If you use open source software, you've probably heard of Amanda—it's the most widely used open source backup program. It was developed at the University of Maryland in 1991. Today more than 500,000 computers are protected by Amanda. (See Figure 1.)
With Amanda you set up a single master server to back up Linux, UNIX, Mac OS-X and Windows hosts to the tape libraries, optical jukeboxes, RAID arrays and NAS devices.
This article provides a brief technical overview of Amanda to help you understand how it is different from other backup software. You can find up-to-date information about everything you need to know for deploying Amanda in production at wiki.zmanda.com. Another helpful collaboration tool for Amanda is forums.zmanda.com.
> Scalable Architecture with Non-proprietary Tools
The biggest advantage Amanda has over other backup software is that it does not use any proprietary formats. For movement of data from the client to the tape or disk, Amanda uses standard OS utilities such as dump and tar, or open source GNUtar, smbtar and star. With standard utilities you can be confident they will always be available to you. For example, you can also recover data even if Amanda isn't installed, which you can't beat if an emergency arises.
Amanda does not use any proprietary device drivers either. Any device supported by an OS works with Amanda. Support for many tape libraries provides truly hands-off and lights-out backup. If you can read and write to your tape drive and move tapes in your tape library with standard OS commands such as mt, Amanda will work with your tape library.

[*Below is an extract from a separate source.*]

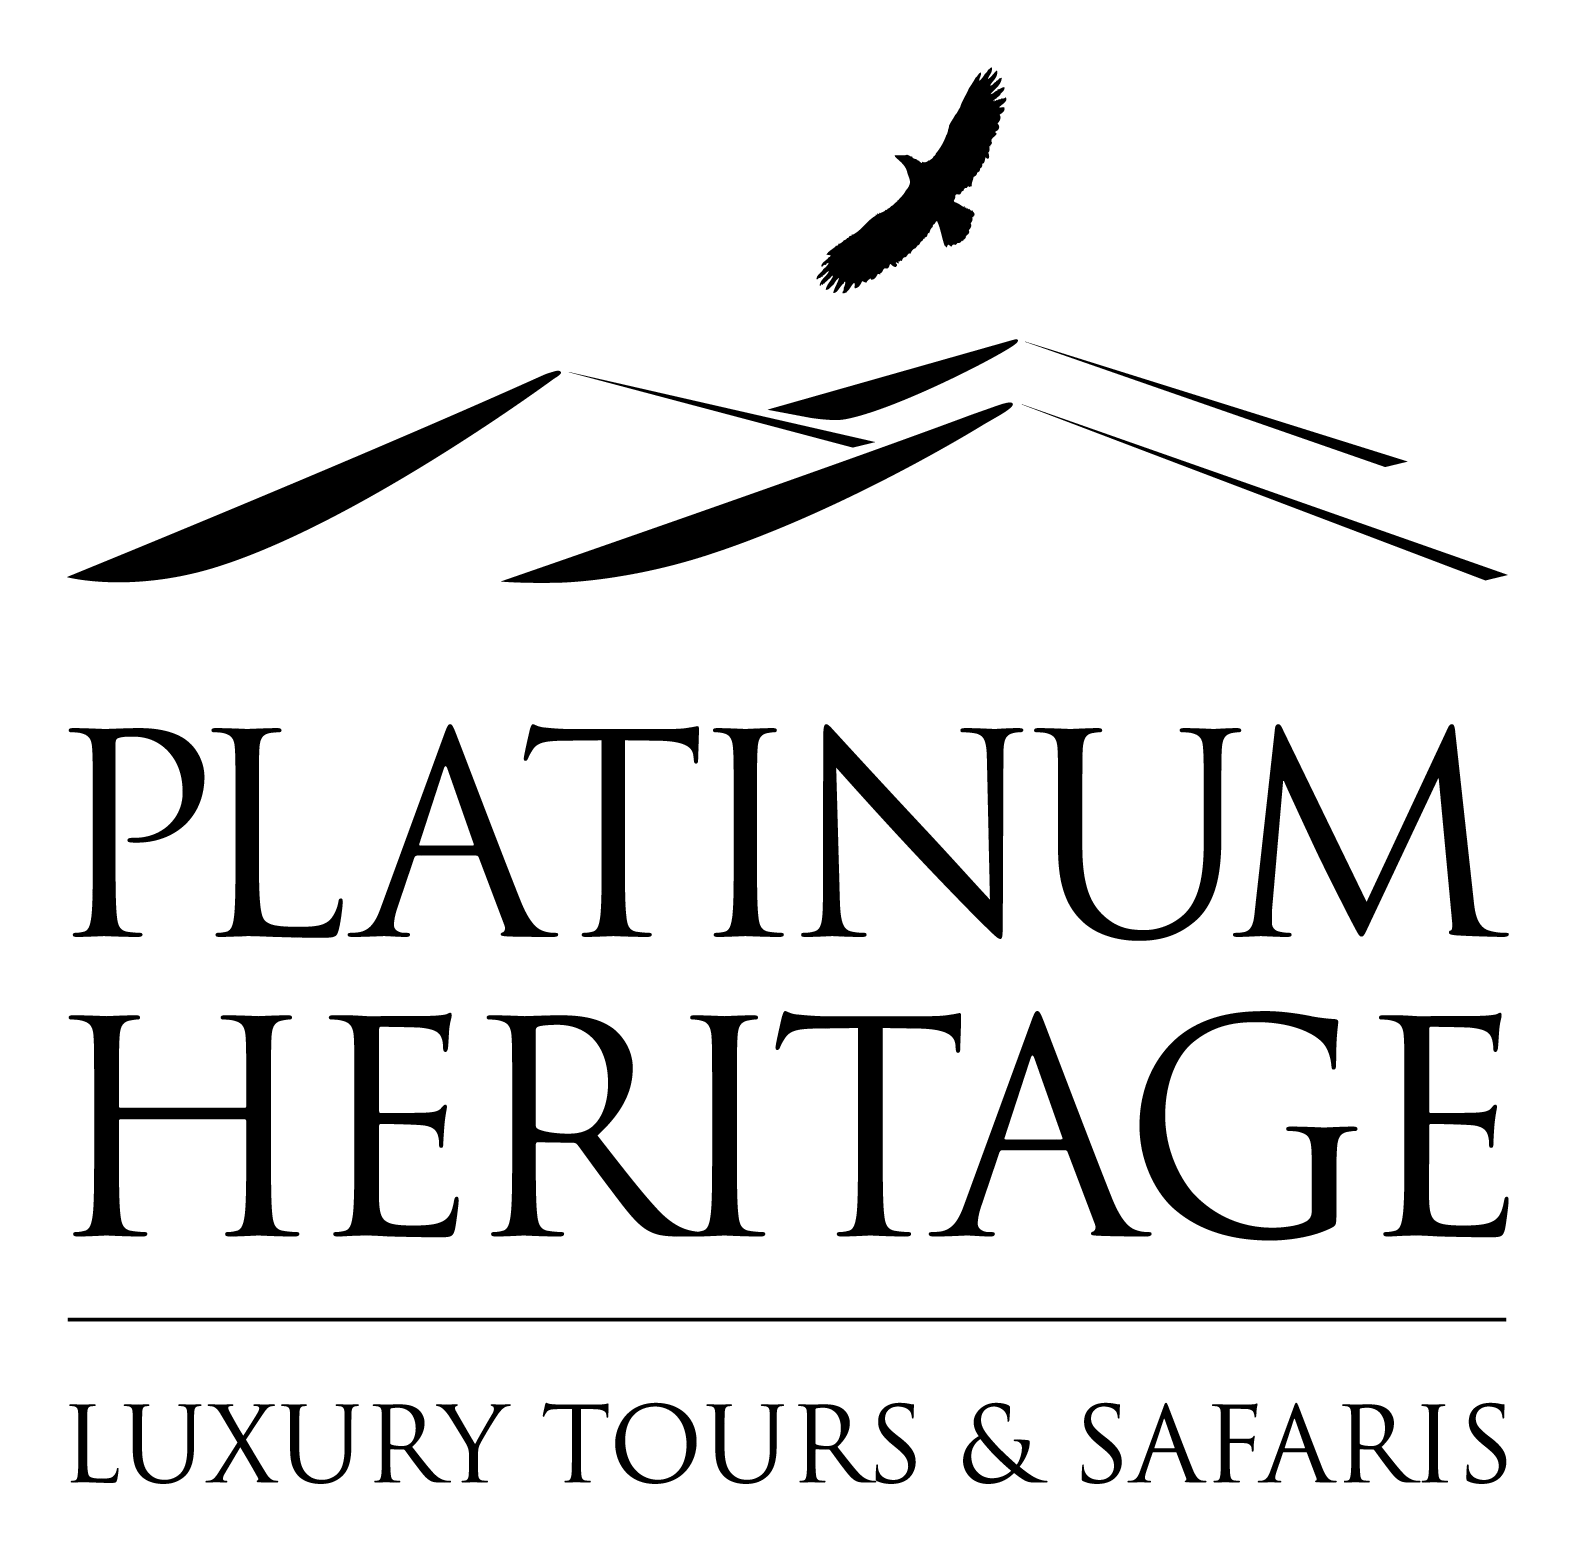 Platinum Heritage Tourism LLC

Amanda is designed as a client-server architecture. Each client program is instructed to write to standard output, which Amanda collects and transmits to the backup server. The architecture provides three benefits; it:
- ensures scalability from a single client and stand alone tape drive to networks with hundreds of clients and libraries with multiple tape drives with thousands of tapes
- allows all configurations to be done on the Amanda server. Once the initial configuration is done, you can easily add additional clients without worrying about breaking your tested backup procedures
- allows some CPU-intensive operations such as compression or encryption to be done on a client before sending backup to the Amanda server.
> Amanda Security
As in any client-server setup, only your trusted Amanda server should be able to communicate with Amanda clients. Amanda achieves that by using the file .amandahosts that has a list of trusted hosts. For stronger data transport security and backup client authentication Amanda can use OpenSSH.

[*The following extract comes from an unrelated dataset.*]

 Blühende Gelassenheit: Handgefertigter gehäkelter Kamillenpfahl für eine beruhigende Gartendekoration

To protect data on the backup media, Amanda encrypts backup data with symmetric or asymmetric encryption using either aespipe or gpg. The Amanda encryption can be done either on the server or the client. Client-side encryption ensures security of data on a wire, which is important for backing up remote clients.
Amanda works with Security-Enhanced Linux; it also works well with firewalls between the Amanda server and its clients (as long as you select the ports during initial setup). Please check details for firewall setup at wiki.zmanda.com.
The flexibility of the security configurations allows Amanda to fit well into security policies and processes of most IT environments, including the organizations with strict security requirements.
> Backup scheduling
Most backup products use the same approach to scheduling. You instruct software to perform a full backup on Sunday (or the last day of the month, etc.) with different levels of incremental backups in between full backups. The problem is that such scheduling does not provide any load balancing. You have to make sure that enough resources are available to manage peak demand for backup server CPU, network and I/O during full backups. Because you perform full backups only occasionally, your resources are underutilized most of the time. Of course, you can achieve load balancing by instructing your backup software to distribute full backups among all clients throughout the week, but then you have to ensure that no changes in your environment break down your balancing schema.
Amanda provides a unique approach to scheduling that optimizes load balancing of backups. Instead of giving Amanda the exact scheduling instructions, you just specify a few ground rules for scheduling. For example, you might give Amanda the following rule "Do at least one full backup within a 7-day period and do incremental backups all other days."
For any rule you specify, Amanda finds an optimal combination of full and incremental backups for all clients. The goal is to make the total amount of backup data as small as possible, and the backup window consistent from one run to another. To find a balance, Amanda uses the following considerations:
- total amount of data to be backed up
- maximum time between full backups specified by you
- size of backup media available for each backup run.
When you decide on a length of time between full backups, you should consider that shorter cycles make restores easier as there are fewer incrementals, but they use more tape and require more time to back up. Longer cycles allow Amanda to spread the load over multiple tapes but may require more steps during a restore. More information about how to choose a balanced schedule depending on the amount of data, tape drive capacity, and so forth, is available at wiki.zmanda.com.
> Amanda recovery
Two Amanda programs restore data: amrecover and amrestore. The first restores files via an interface that allows browsing of your backup file index to a certain date and choosing the files you want to restore. After you select the files, Amanda finds the right tape, brings the backup image over the network to the client and pipes data into the appropriate restore program. For full, file system recovery, amrestore retrieves the whole file system images.
The Amanda tape format is deliberately simple. In case of emergency, restoring data could be done without Amanda. The first file on a tape is a volume label. Each file after that contains one backup image using 32 KB blocks. The first block contains text showing the commands needed to do a restore. The Amanda wiki (wiki.zmanda.com) provides instructions on how to recover data without Amanda being installed.
> Amanda Enterprise 2.6
Zmanda Management Console (ZMC) is the new functionality in Amanda Enterprise 2.6. ZMC provides a browser-based UI with work flows that simplify initial configuration, adding new clients, verification of setup, scheduling, recovery and other day-to-day backup tasks. ZMC is integrated with Zmanda Network. Customers get timely updates from Zmanda and benefit from collective knowledge of the Amanda community. (See Figure 2.)
Amanda provides all the benefits of open source such as flexibility, high quality code, security and low cost, and it fully addresses the backup and recovery needs of most enterprise users.